San Francisco-based Tavus shipped Phoenix-4 on February 19, a real-time rendering engine that generates every pixel of a digital human's face and head during live conversation. The model runs at 40 frames per second in 1080p, built on a hybrid Gaussian-diffusion architecture trained on thousands of hours of real conversational data. Tavus detailed the system on its research blog, and a live demo is already available.
The pitch here is emotional intelligence, not just visual fidelity. Phoenix-4 supports over ten explicit emotional states (joy, sadness, anger, surprise, among others) that developers can trigger through an API or let the model select contextually. Tavus calls it "the first real-time model to generate and control emotional states, active listening behavior, and continuous facial motion as a single, unified system," per its press release. Whether it truly solves the uncanny valley is something independent reviewers haven't confirmed yet.
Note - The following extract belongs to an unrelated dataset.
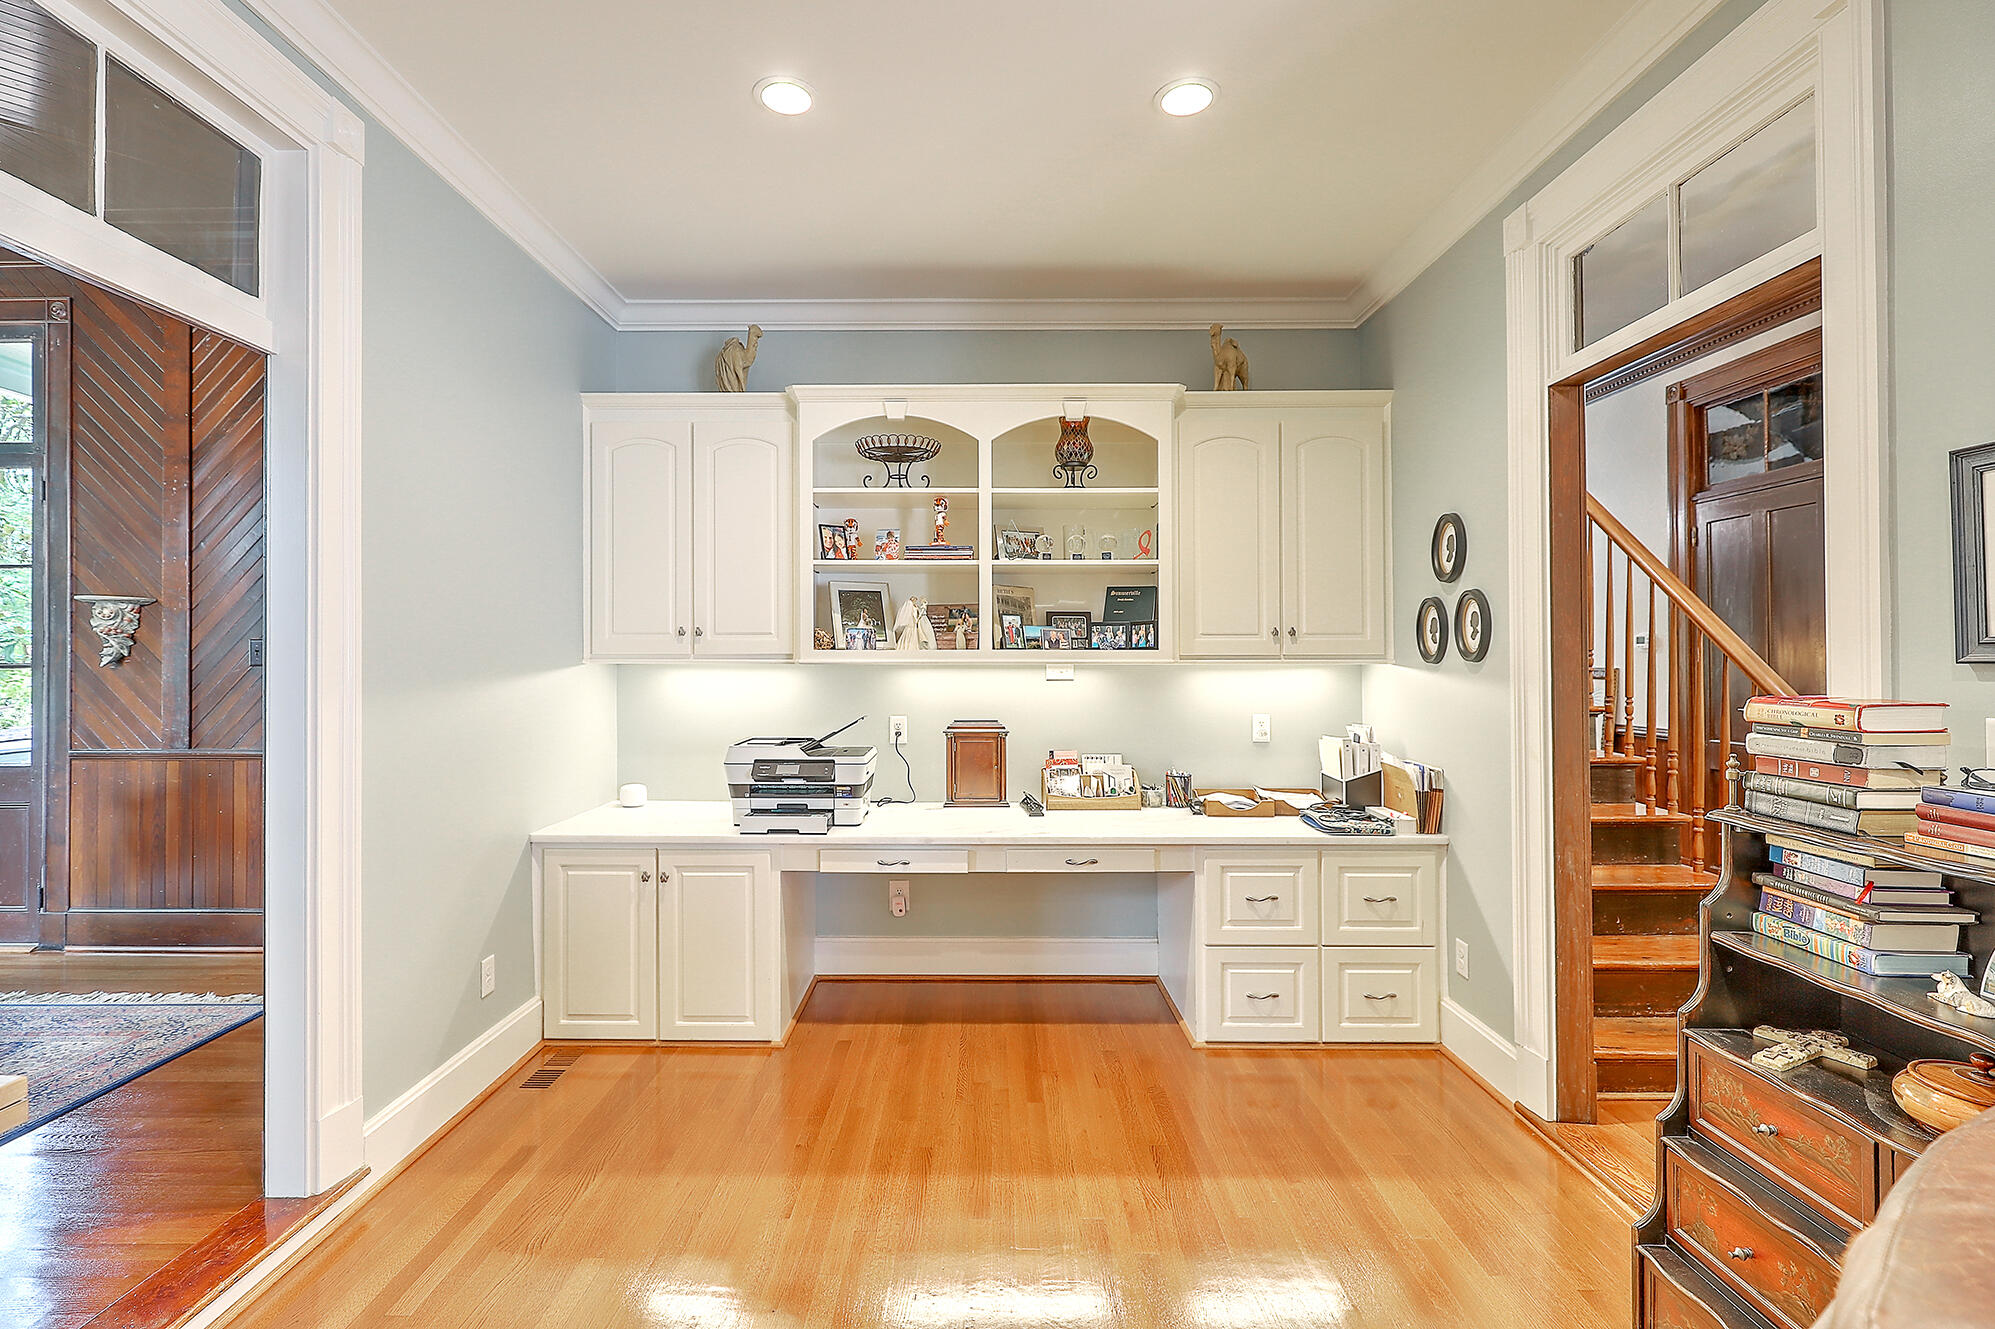 Summerville Homes For Sale - 102 Hickory, Summerville, SC - 57

The technical stack goes beyond just Phoenix-4. Tavus pairs it with Raven-1 for multimodal perception (reading the user's expressions and tone) and Sparrow-1 for conversational timing and turn-taking. End-to-end latency sits under 600 milliseconds, according to the company. Full-duplex support means the avatar generates listening behavior (nods, microexpressions) while the user is still speaking, rather than looping canned idle animations.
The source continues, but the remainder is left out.